=== Begin Enclosure ===
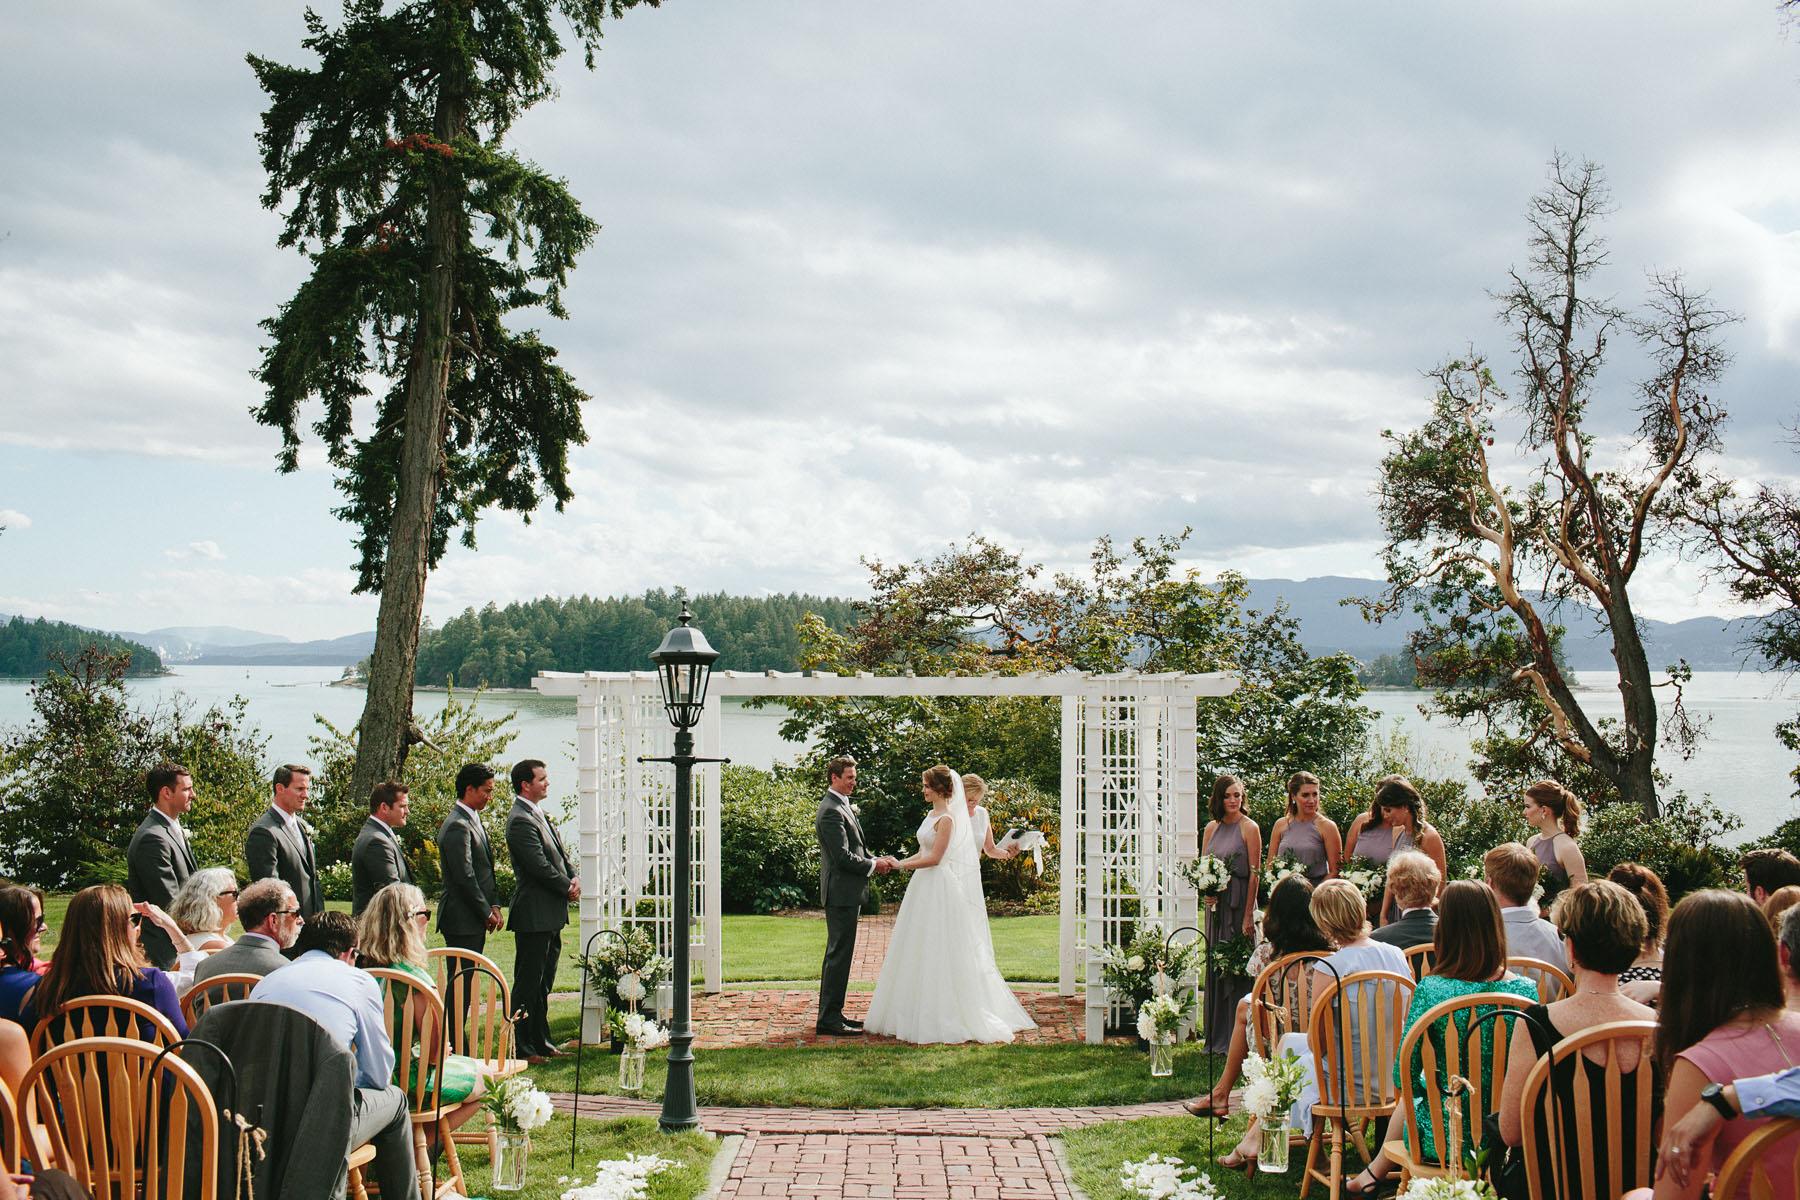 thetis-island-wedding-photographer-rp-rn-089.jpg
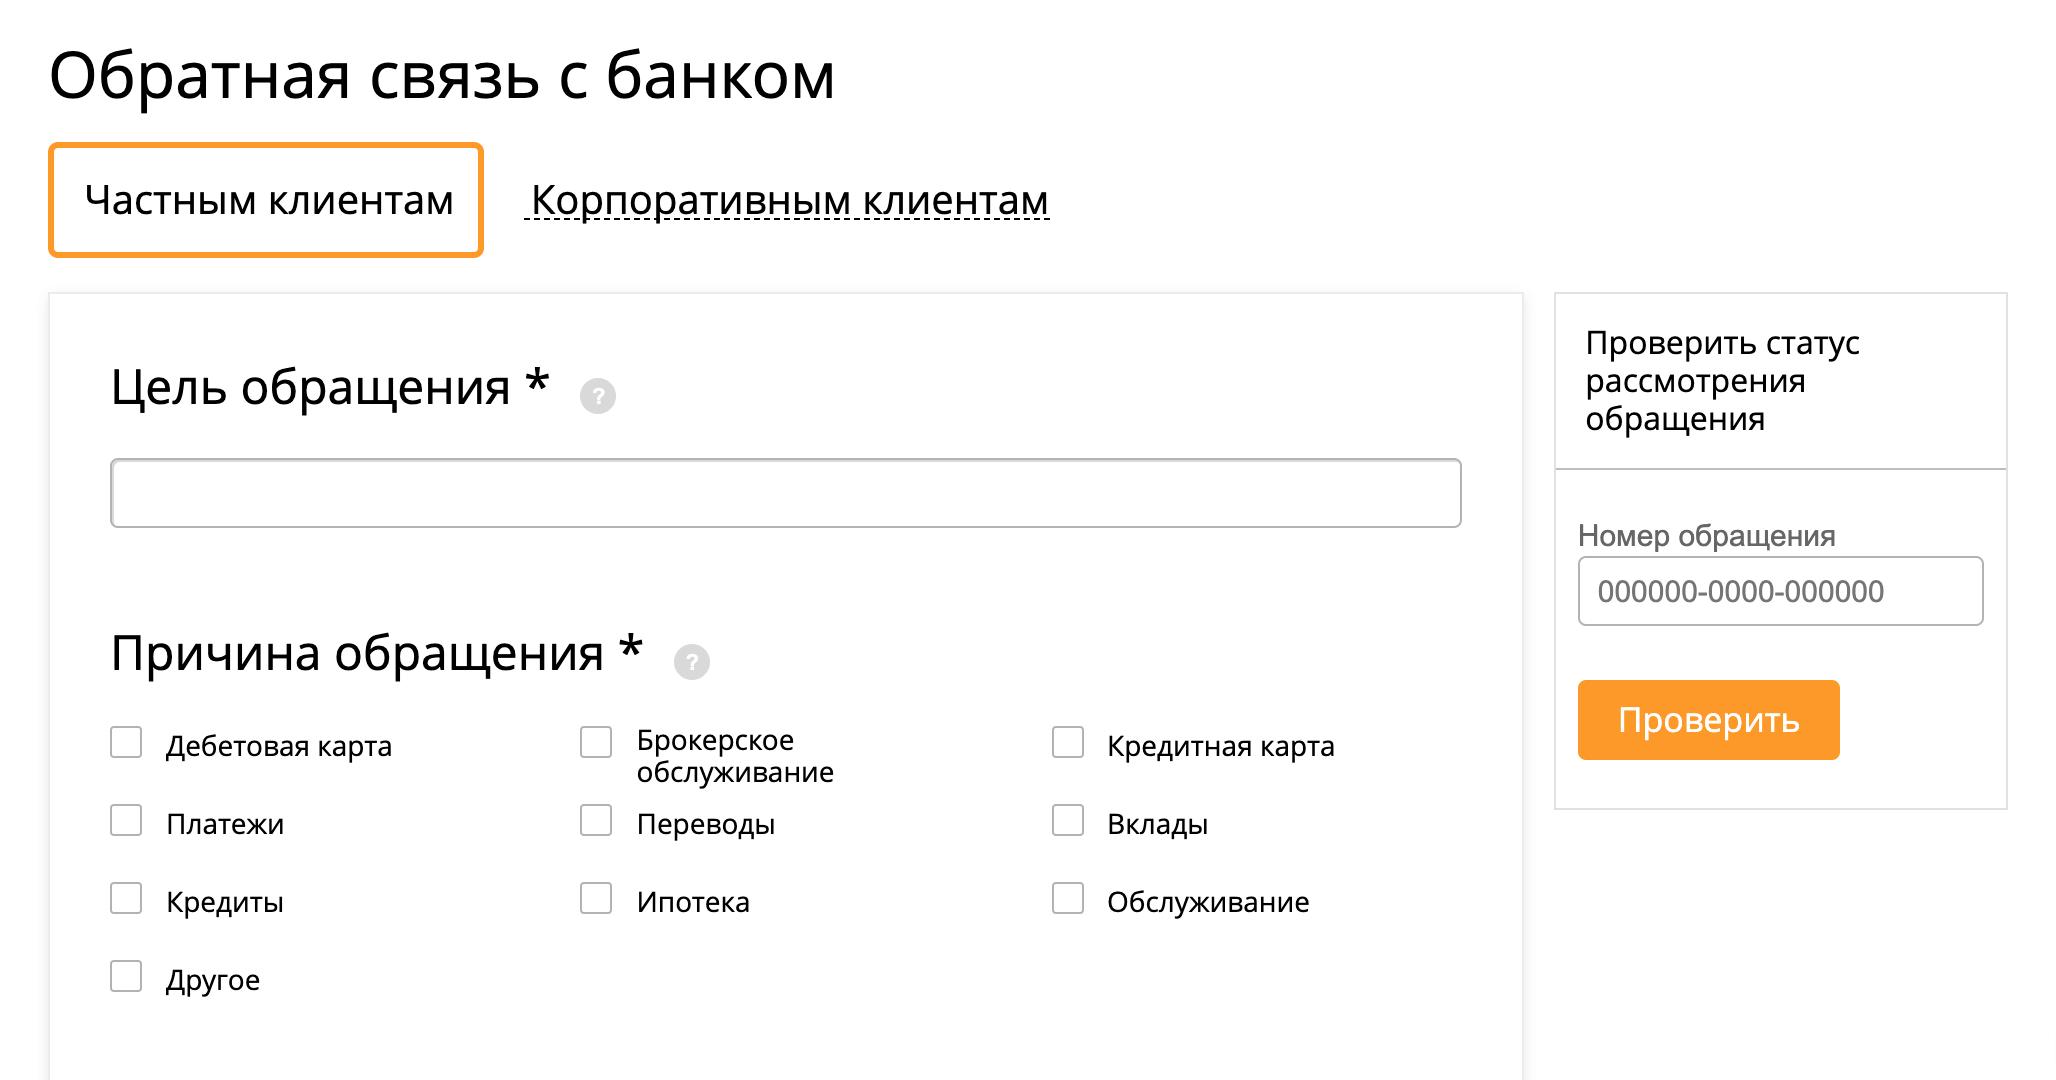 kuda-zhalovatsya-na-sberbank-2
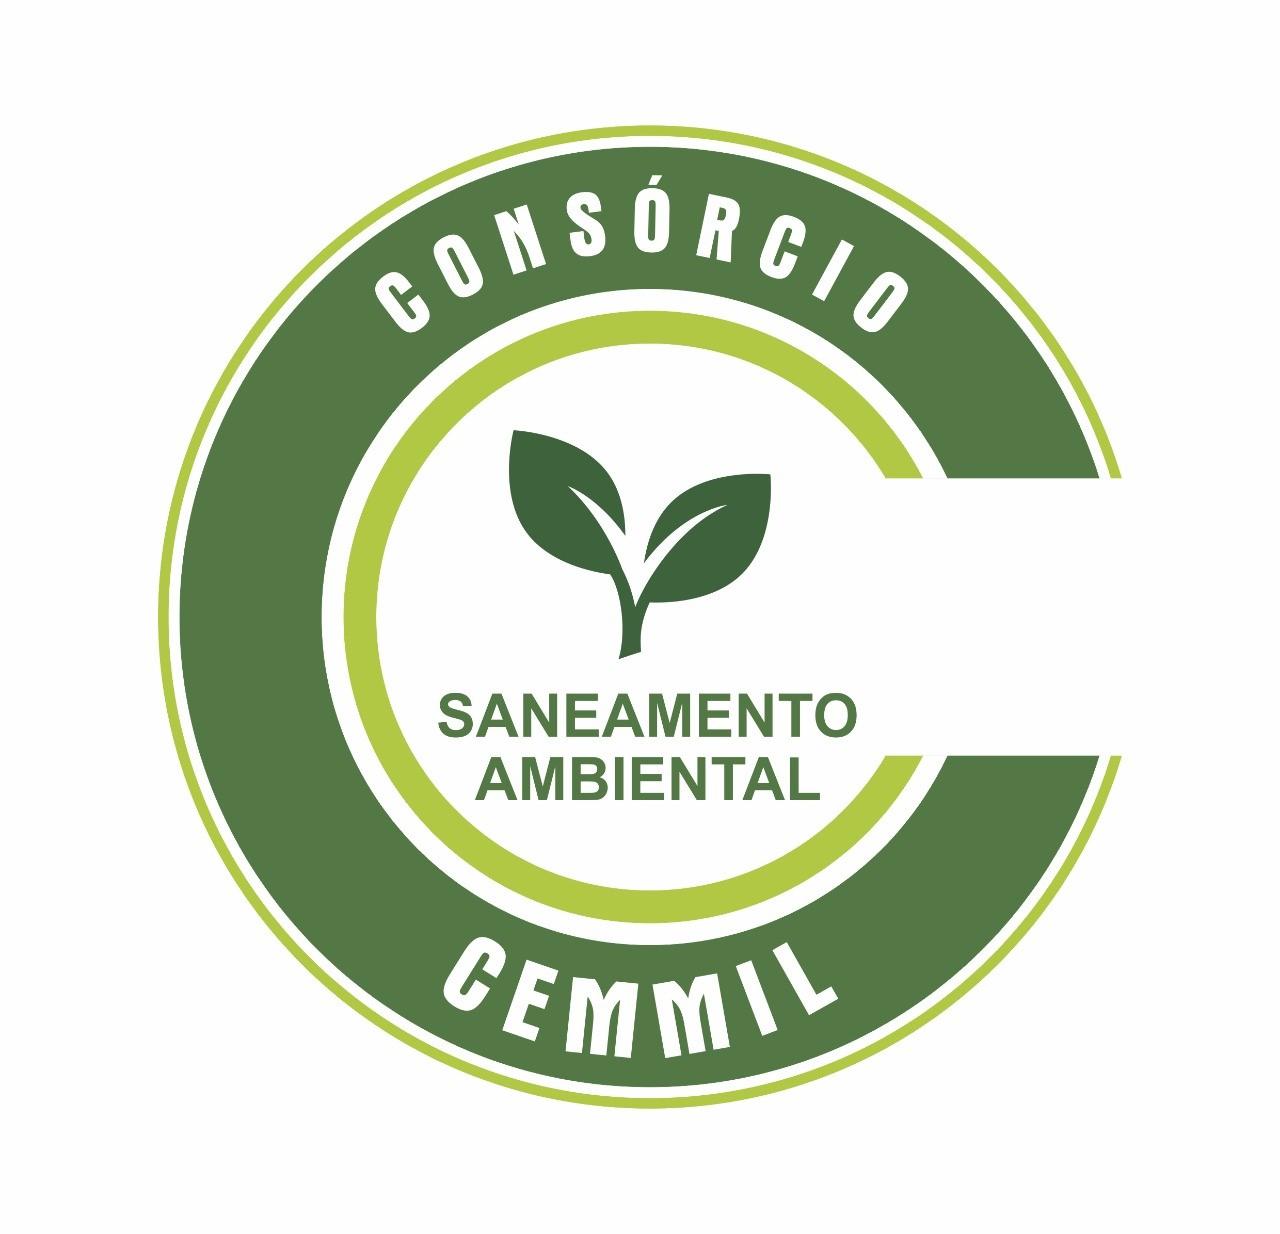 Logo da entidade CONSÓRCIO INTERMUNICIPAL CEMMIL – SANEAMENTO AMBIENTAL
=== End Enclosure ===
» **Task brief**
Starting with the line that holds "kuda-zhalovatsya-na-sberbank-2", copy every line exactly through the final line of the material, but skip the pictures.

» **Worked solution**
 kuda-zhalovatsya-na-sberbank-2
 Logo da entidade CONSÓRCIO INTERMUNICIPAL CEMMIL – SANEAMENTO AMBIENTAL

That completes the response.